Fujuriphyes dagon was one of three new mud dragon species described by Cepeda et al, who also named Fissuroderes cthulhu and Fujuriphyes hydra from in or near the explored pockmarks. As with F. cthulhu, the other two species were named in honor of Lovecraftian deities.

===Etymology===
Cepeda et al chose the species name "dagon" as a reference to the H. P. Lovecraft character first appearing in the 1919 Dagon short story, and later called Father Dagon in The Shadow over Innsmouth. Lovecraft considered Dagon the husband of Mother Hydra and ruler of the amphibious Deep Ones.

==Distribution and habitat==
Fujuriphyes dagon is native to deep sea cold seep pockmarks in the Mozambique Channel. The only identified population of F. dagon was found in pockmark MTB06 which formed within a methane cold seep.

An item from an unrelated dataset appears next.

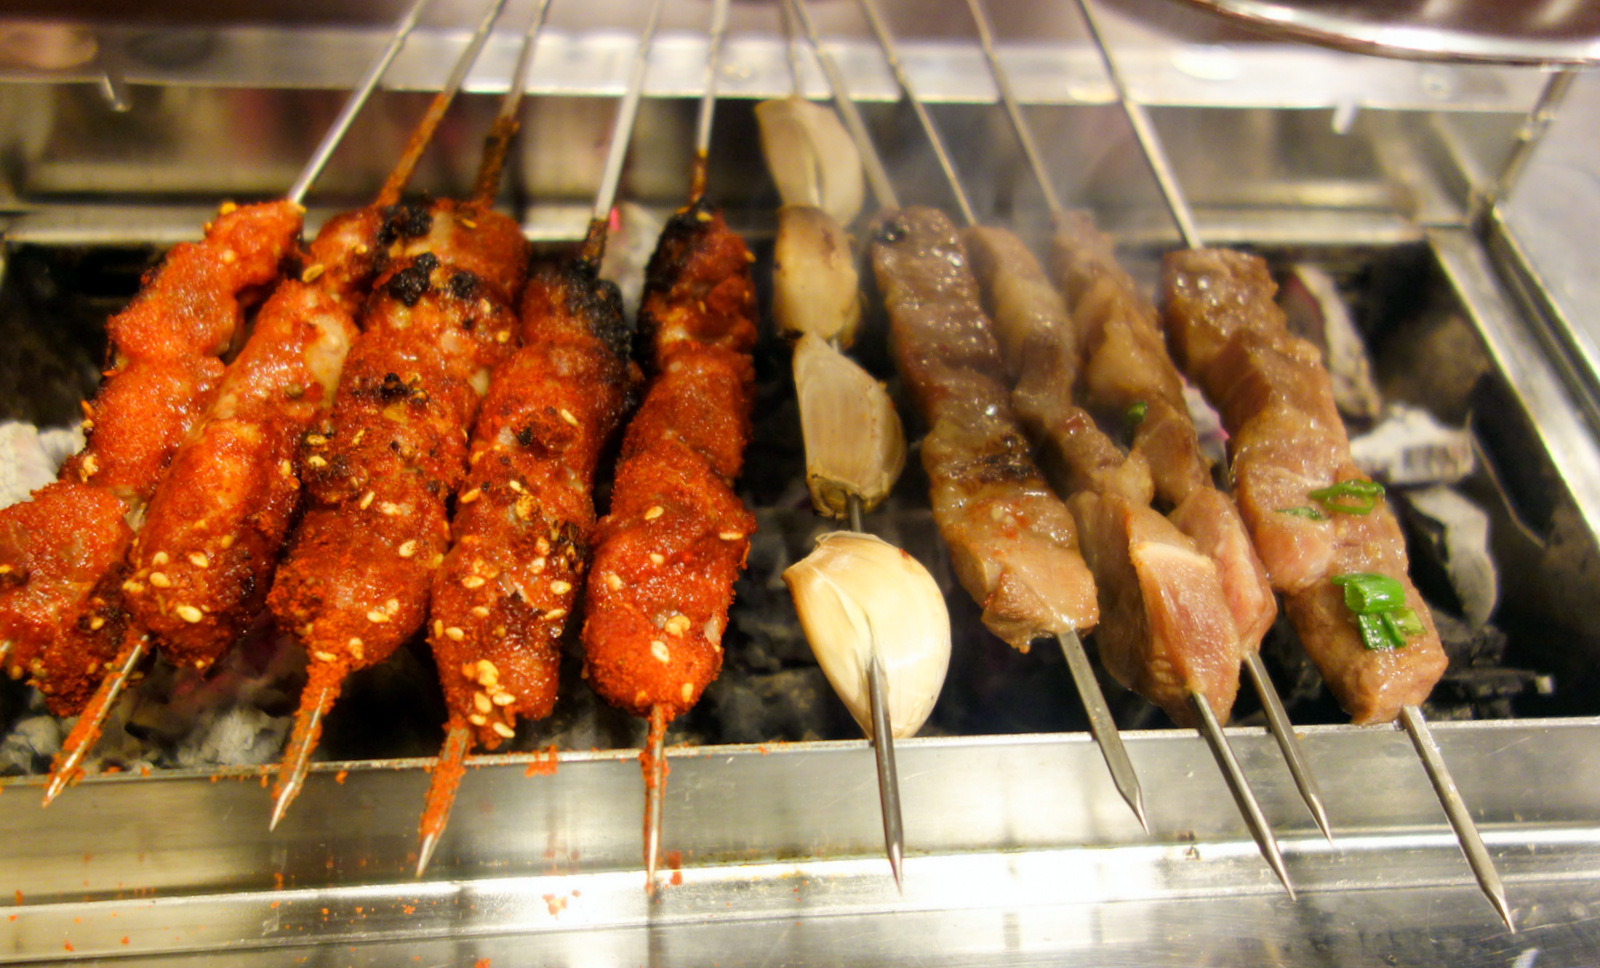 4. Barbecued meat

At the time of description the authors were unable to tell if F. dagon is a methane seep specialist or if it has a wider but unidentified range outside of the pockmarks.

==Ecology and behavior==
Fujuriphyes dagon is an uncommon Kinorhynch species in the MTB06 methane pockmark, accounting for only about 6.6% of the total adults. The most common species is Echinoderes unispinosus which made up 63.1% of the adults, followed by Fissuroderes cthulhu at 15%. The extremely reduced oxygen conditions and high concentrations of typically toxic methane is suggested to enable the Kinorhynch communities to grow and diversify with specialist species such as F. dagon evolving in the pockmarks. Chemosynthetic bacterial mats thriving on the methane and other hydrocarbon outputs in the pockmarks are thought to provide the main food for the kinorhynchs. However the community density is capped by the hydrogen sulfide concentration gradient that also results from the chemosynthesis. The community only flourishes with low to moderate hydrogen sulfide levels, which above a moderate level become toxic to even the adapted Kinorhynch species.